Relationship between data simulated under the null model and the observed pattern of family clustering for A) the proportion of cases occurring in clusters (given 261 total cases) and B) the average number of cases per cluster (given 36 clusters). Estimates **...**

The discrepancy between the number of cases per cluster and the proportion of cases in clusters may be due to between-family variation in τ. If the probability of infection is low for members of most exposed families and higher for members of a few exposed families, then most cases may come from families in which τ is low, but most of the clusters will occur among families for which τ was higher. This will lead to a lower proportion of cases occurring in clusters and a higher average number of cases per cluster, as is observed. Although it is possible that such variation may be genetic, it could also result from between-household heterogeneity in intensity of exposure to infected birds (or intensity of shedding in birds to which different households are exposed), household hygiene, living conditions, and the like. Human-to-human transmission of the virus could also lead to larger than expected cluster sizes because having >1 case(s) within a family would increase the risk of subsequent cases occurring, and it could not be ruled out in several clusters (*6**,**7*).

Qualitatively, the data suggest the existence of nongenetic, between-household variation in risk.
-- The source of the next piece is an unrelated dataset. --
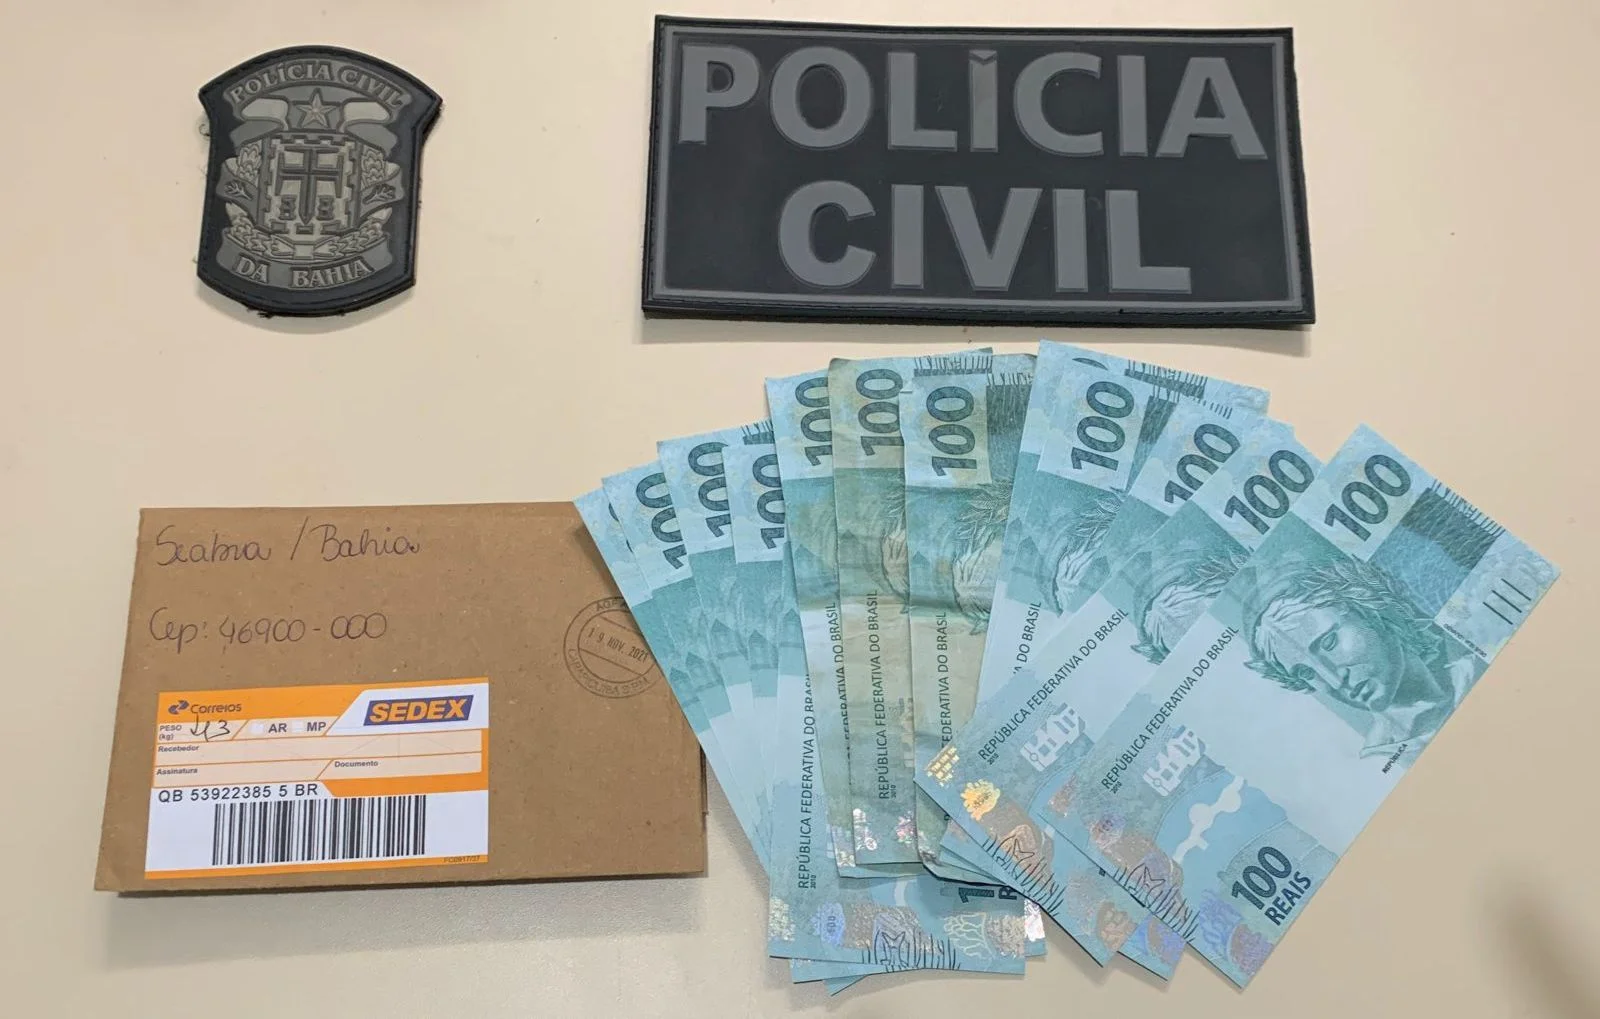 Polícia prendeu R$1,3 mil em dinheiro falso no interior da Bahia

If such nongenetic variation were absent, then in any given village, nearly all pairs of cases occurring among unrelated persons in the same village would be in different households. Roughly, the chance that a pair of cases in unrelated persons in a village would be from the same household as opposed to different households would be 1/*H*, where *H* is the number of households in a village. With 4 pairs of cases in unrelated persons in the same household, ≈4*H* pairs of cases would be expected within a village, mostly in different households. If the average village size of ≈138 households estimated for an area of Thailand (*8*) is typical, then if members of all households in a village were at equal risk, we would expect to see far more pairs of unrelated cases within a village than have actually been observed (4*H* ≈550 pairs of cases in unrelated persons, which greatly exceeds the observed 261 total cases). Clearly, this argument is only heuristic, but when this argument is combined with the likelihood of biologic and behavioral differences between households, it seems likely that τ would vary considerably from 1 household to another.
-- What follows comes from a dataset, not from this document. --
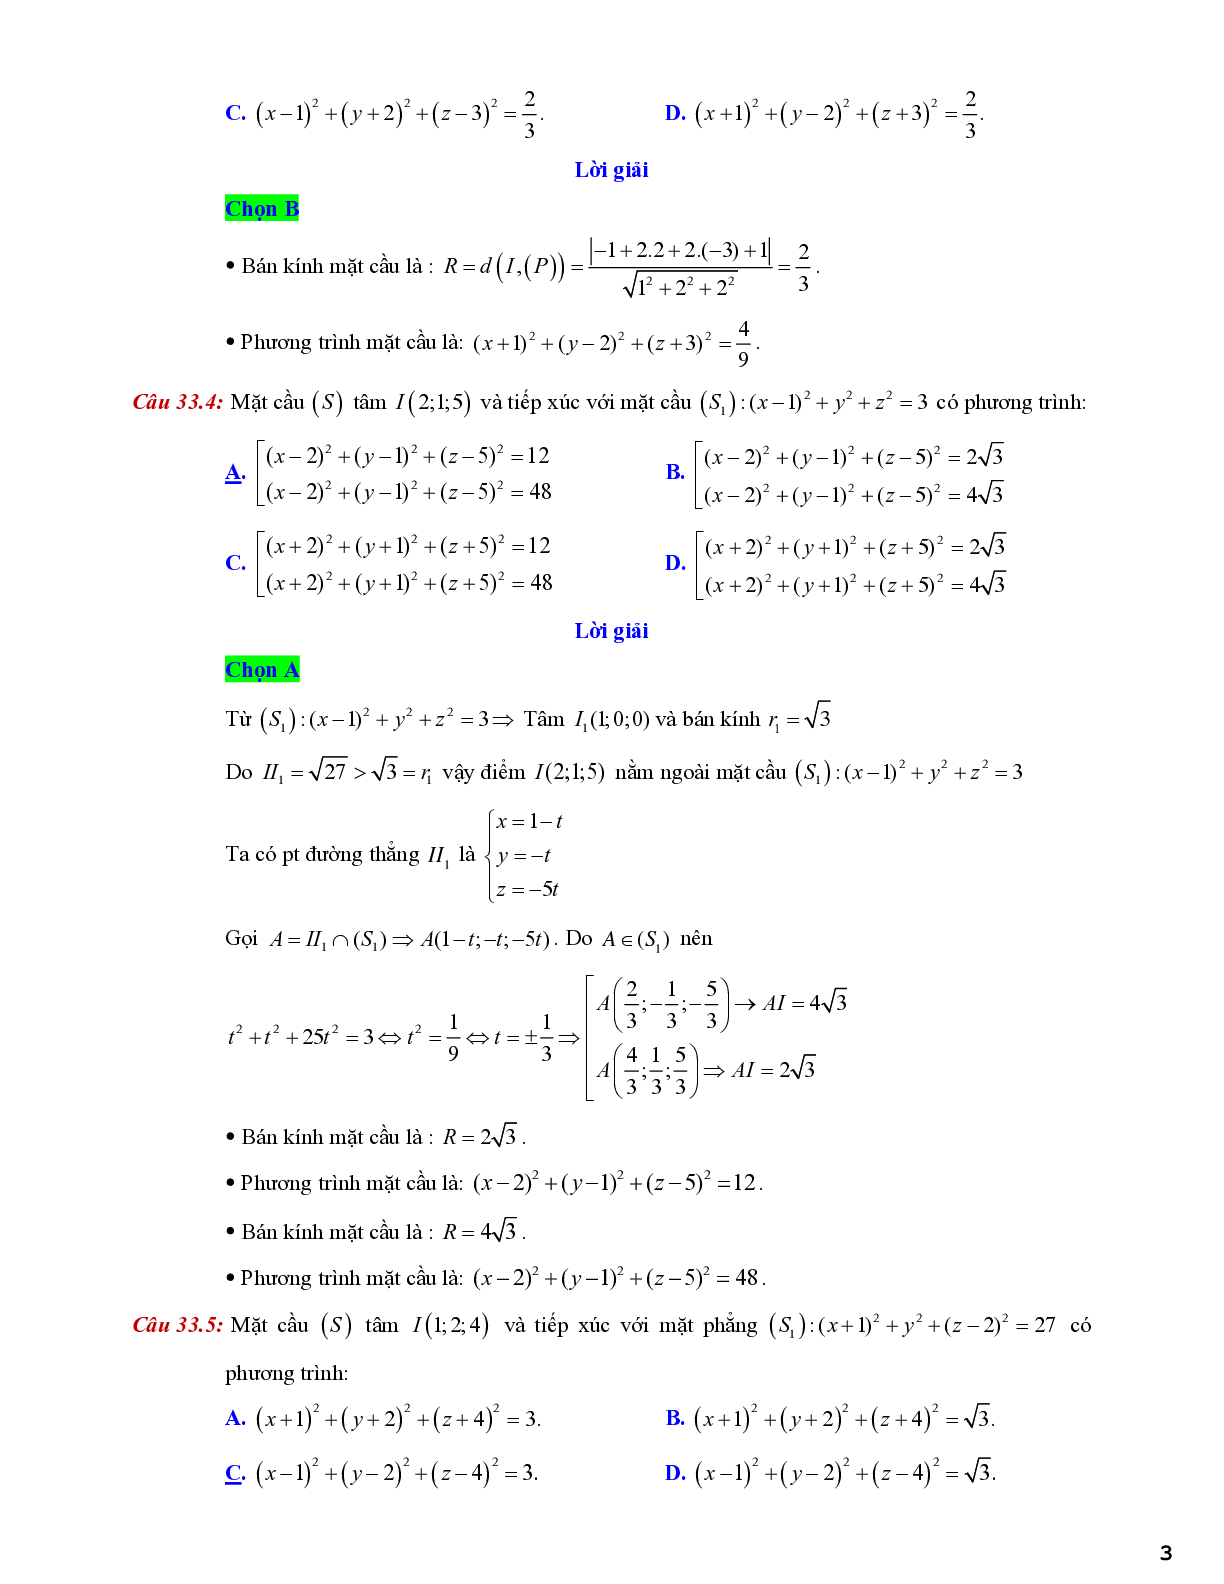 Lý thuyết và bài tập về viết phương trình mặt cầu - có đáp án chi tiết (trang 3)

Furthermore, the model does not account for additional individual variability in susceptibility possibly related to age, level of exposure, or other risk factors. If younger persons have a higher risk for infection or likelihood of exposure, clustering would be promoted, primarily within blood relatives, because siblings would be more likely than either parent to become infected. Approximately half of all cases have occurred in those <20 years of age (*9*). Similarly, if female persons (for example) were at higher risk for exposure, infection, or both, then clusters including non–blood relatives (e.g., spouses) would tend to include the low-risk sex and thus be less probable. Female persons of ages 10–29 years were slightly overrepresented among laboratory-confirmed case-patients, but the difference was not statistically significant (*9*).
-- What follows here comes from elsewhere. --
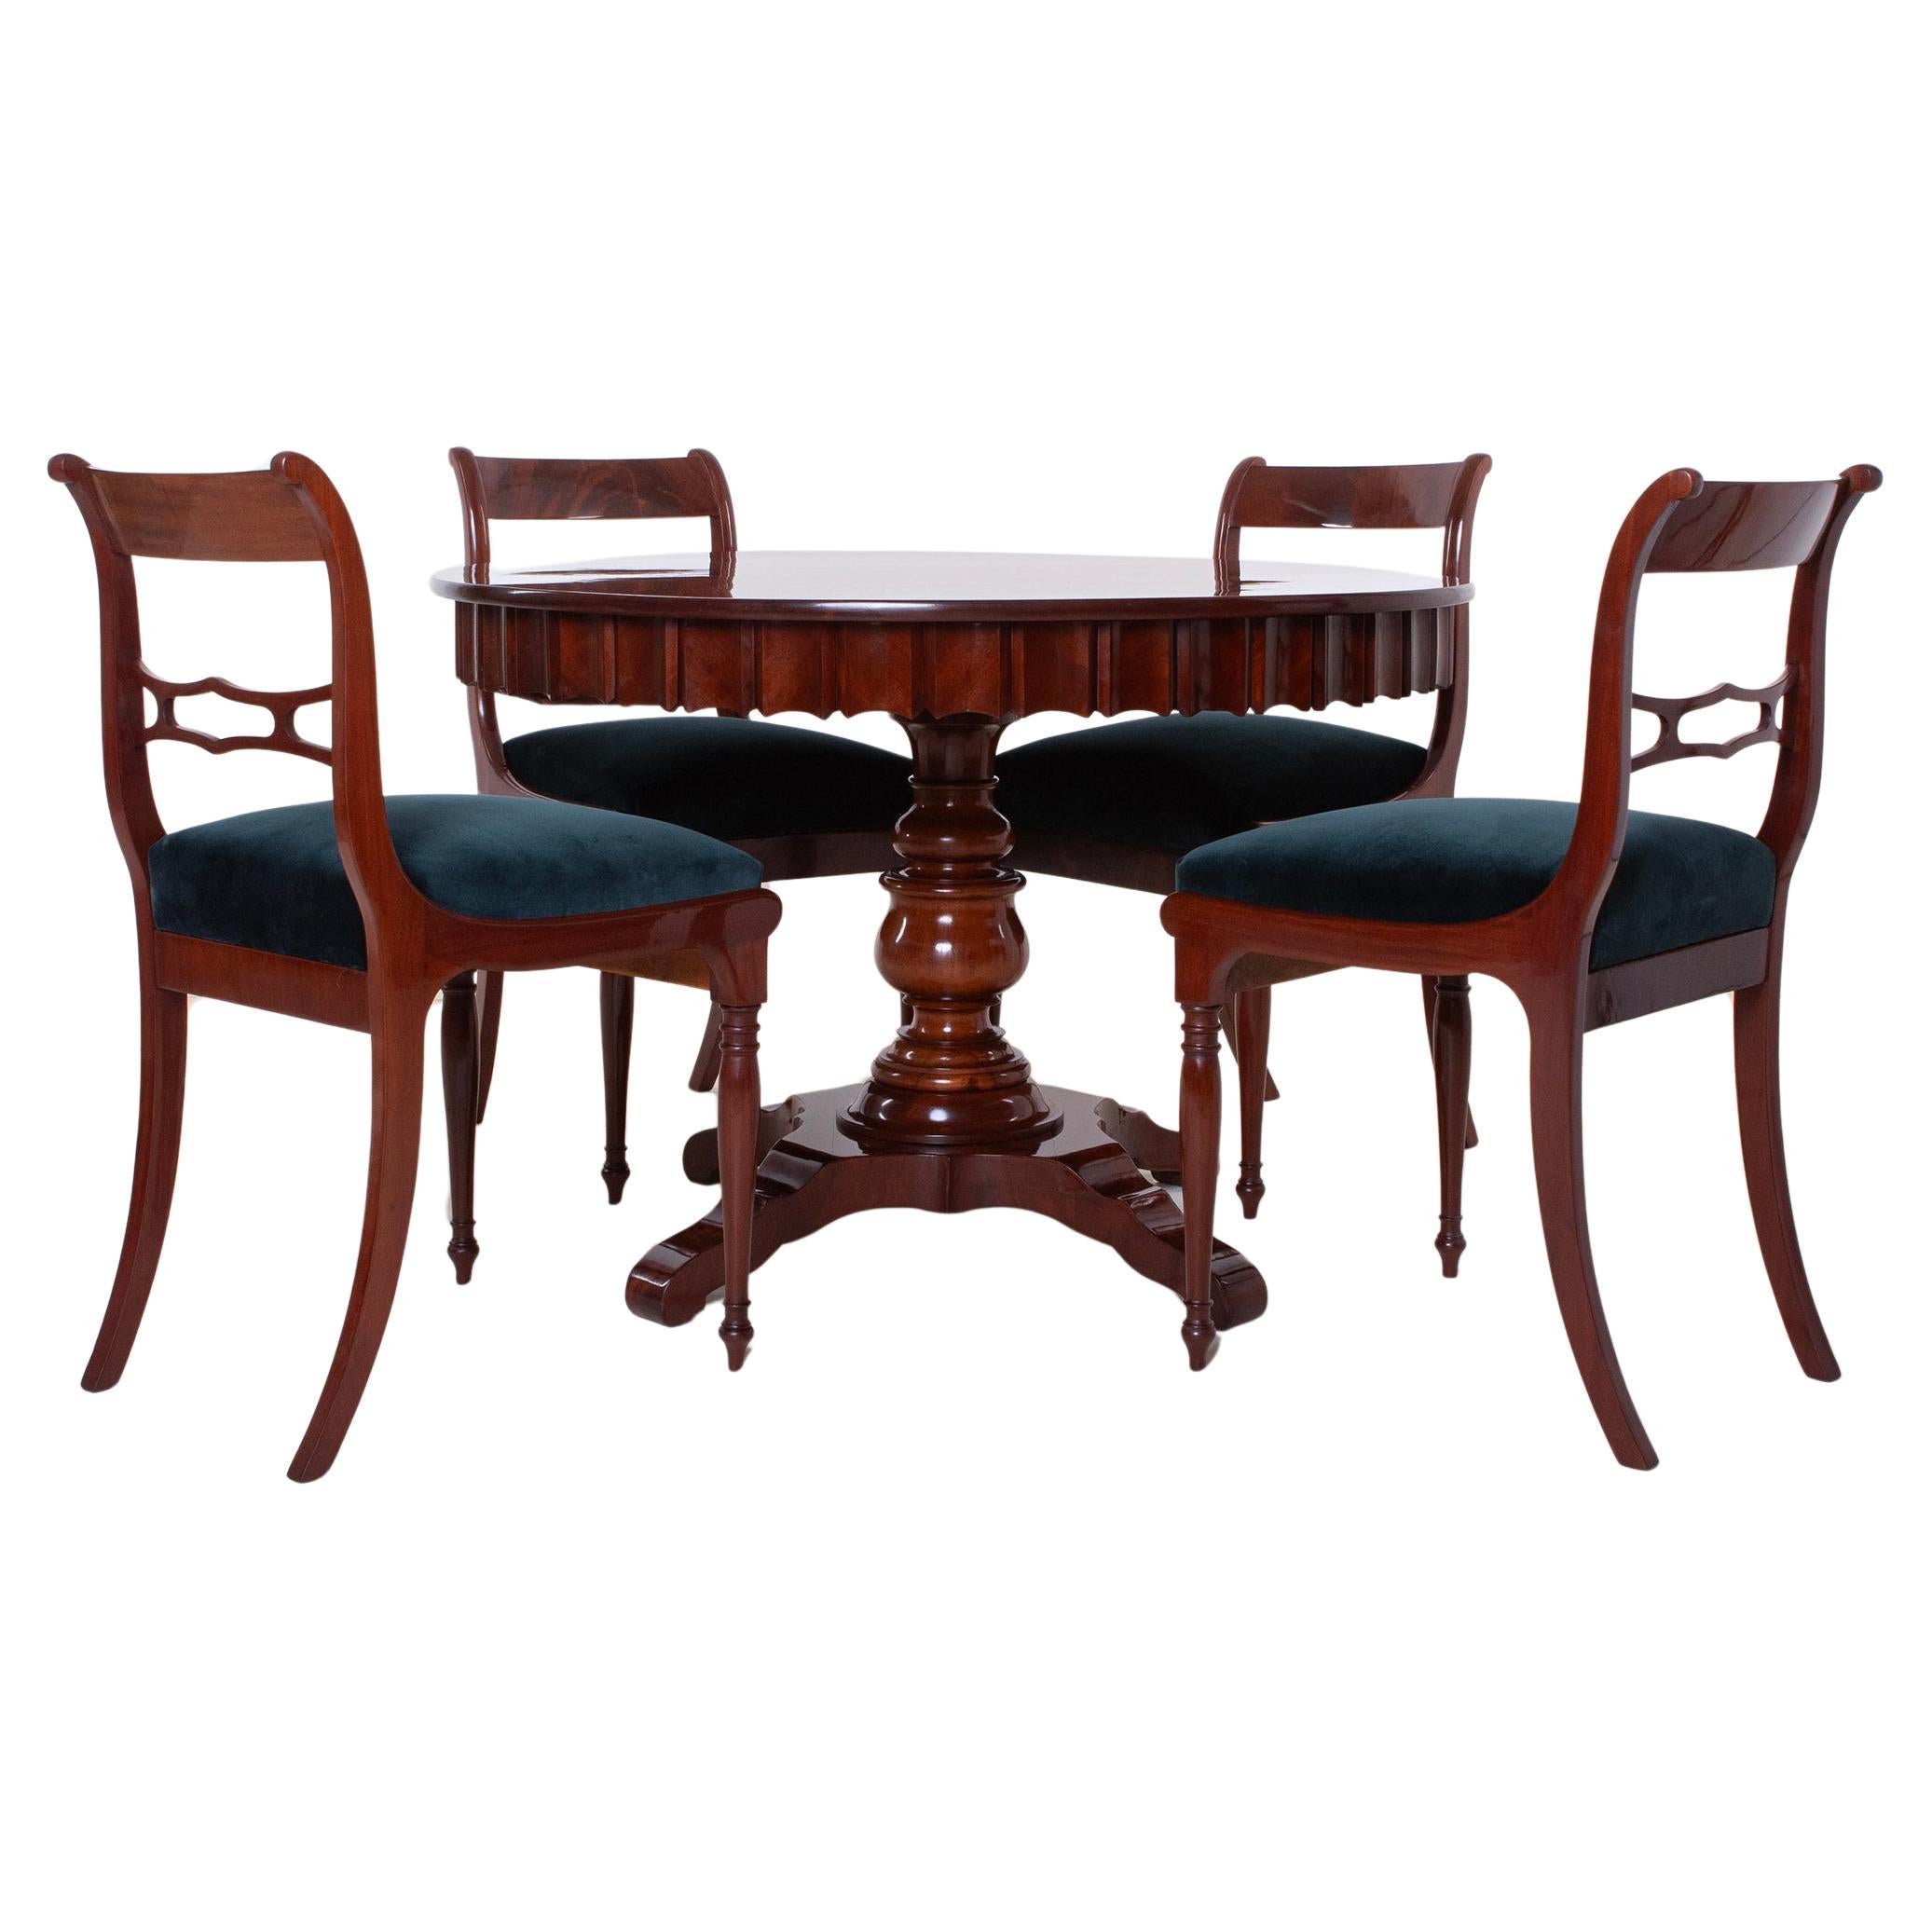 Ensemble de salle à manger Biedermeier, table ronde, 4 chaises, entièrement restaurée, 19ème siècle

The null model presented here is not designed to capture all of the heterogeneities in exposure and complexity of real families exposed to influenza subtype H5N1. Rather, it simply illustrates that a large proportion of family clusters limited to blood relatives may occur by chance in the absence of genetic variation in susceptibility, particularly when the probability of infection is low and family sizes are large. Although genetic heterogeneity may possibly contribute to the clustering of avian influenza cases within blood relatives, it is neither a necessary nor the most likely explanation for the data currently available.